COLLECTED MATERIAL:
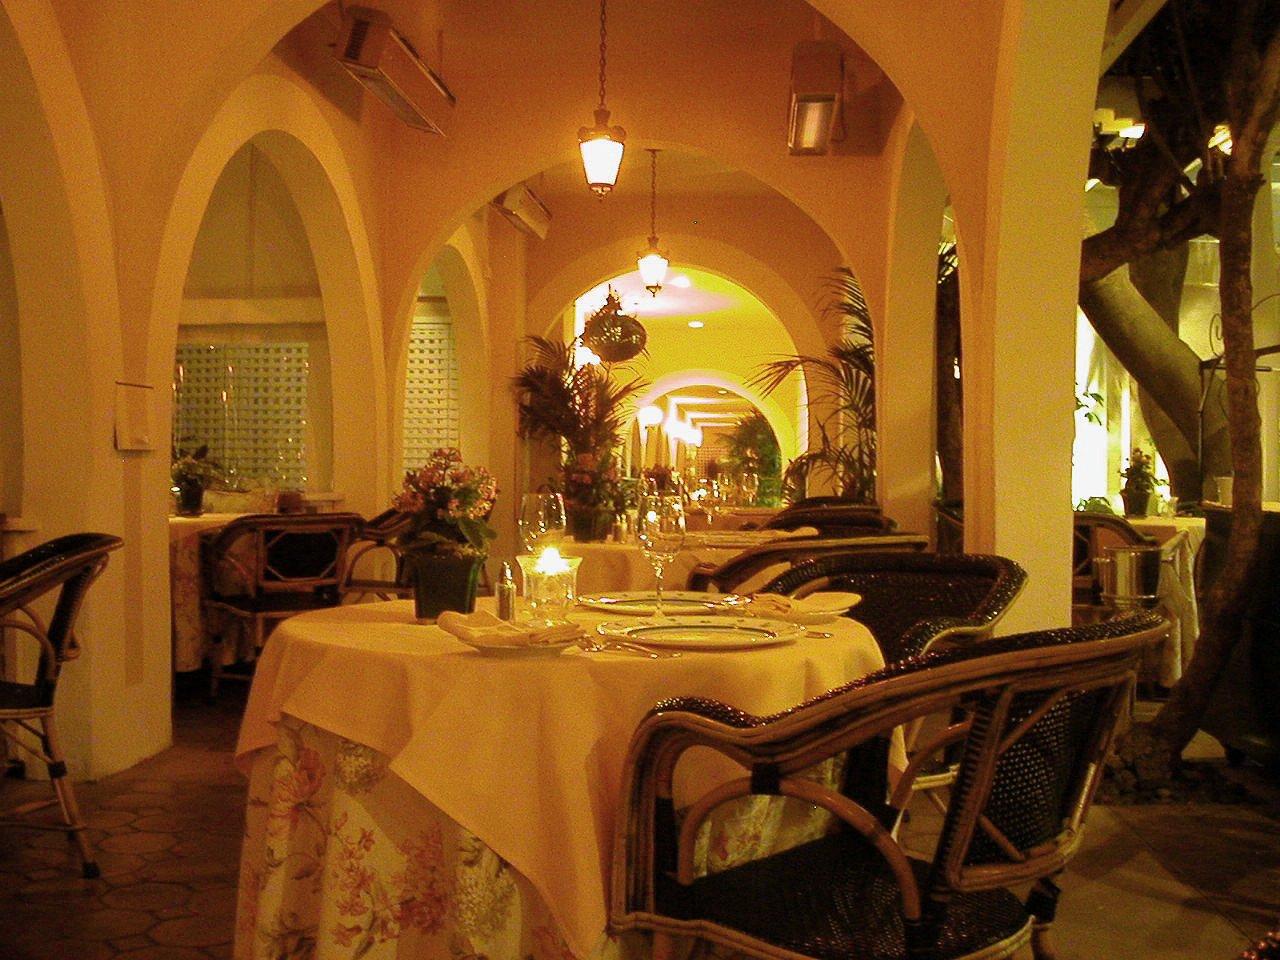 Bel Air Restaurant Abbesses Tripadvisor
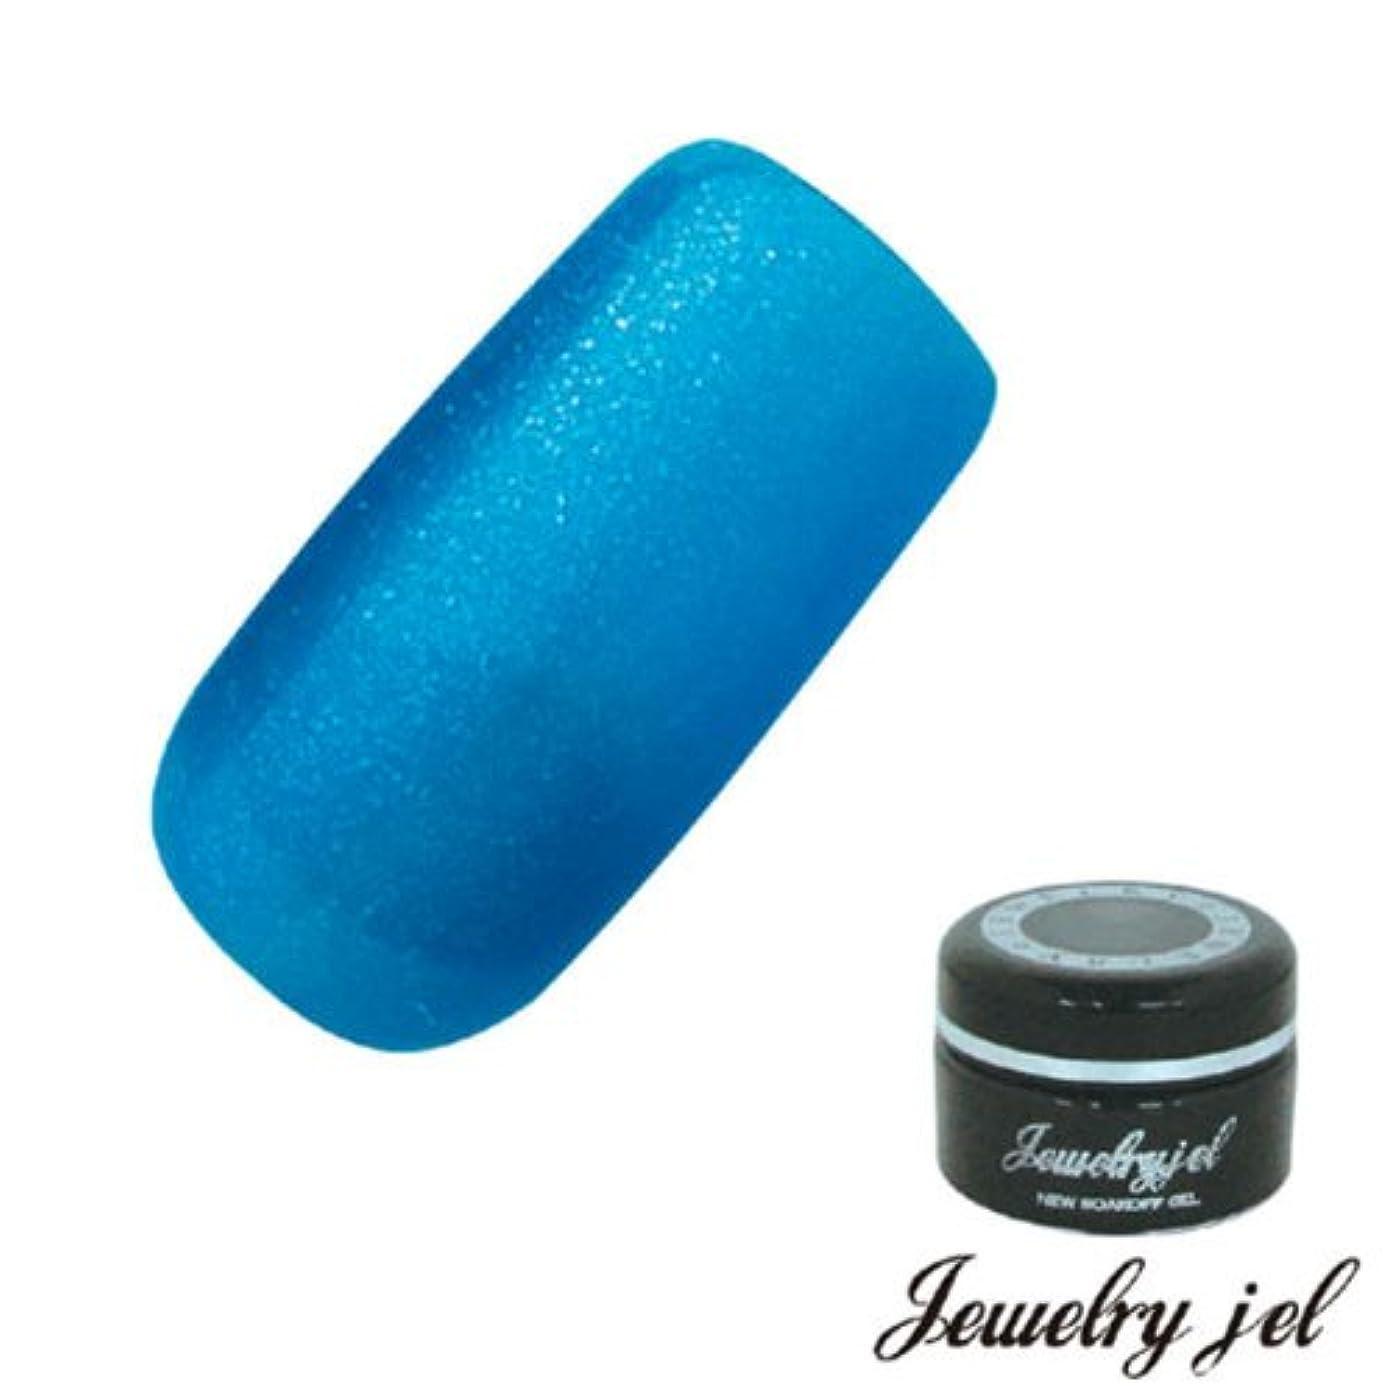 数学愛国的な寝室を掃除するジュエリージェル ジェルネイル ジュエリージェル カラージェル SB204 3.5g ブルー パール入り UV/LED対応  ソークオフジェル コバルトブルー
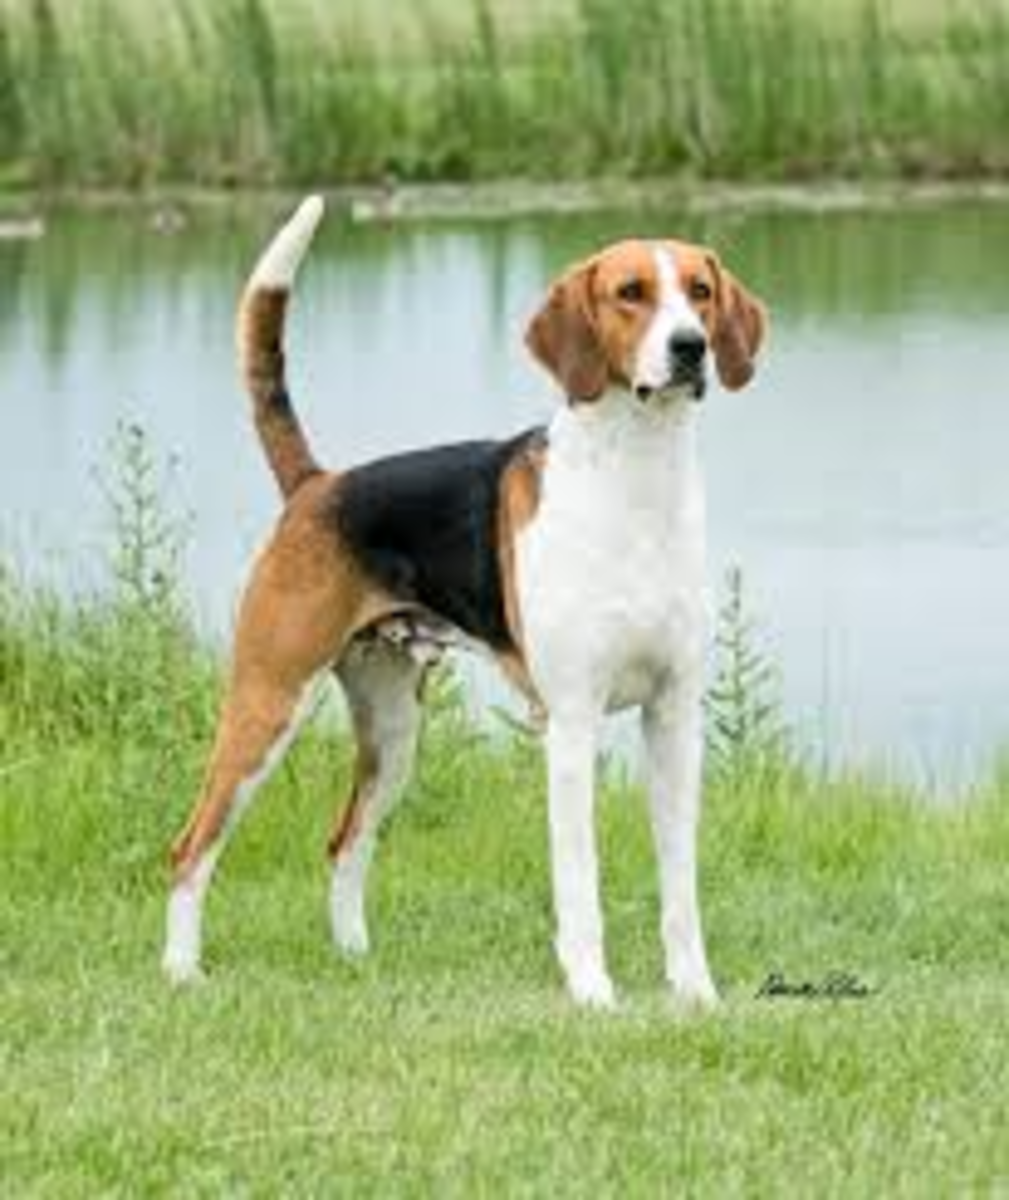 Dogs 101: 10 Hound Breeds

PROMPT:
Give back the whole listing exactly; no pictures.

WRITTEN SOLUTION:
 Bel Air Restaurant Abbesses Tripadvisor
 数学愛国的な寝室を掃除するジュエリージェル ジェルネイル ジュエリージェル カラージェル SB204 3.5g ブルー パール入り UV/LED対応  ソークオフジェル コバルトブルー
 Dogs 101: 10 Hound Breeds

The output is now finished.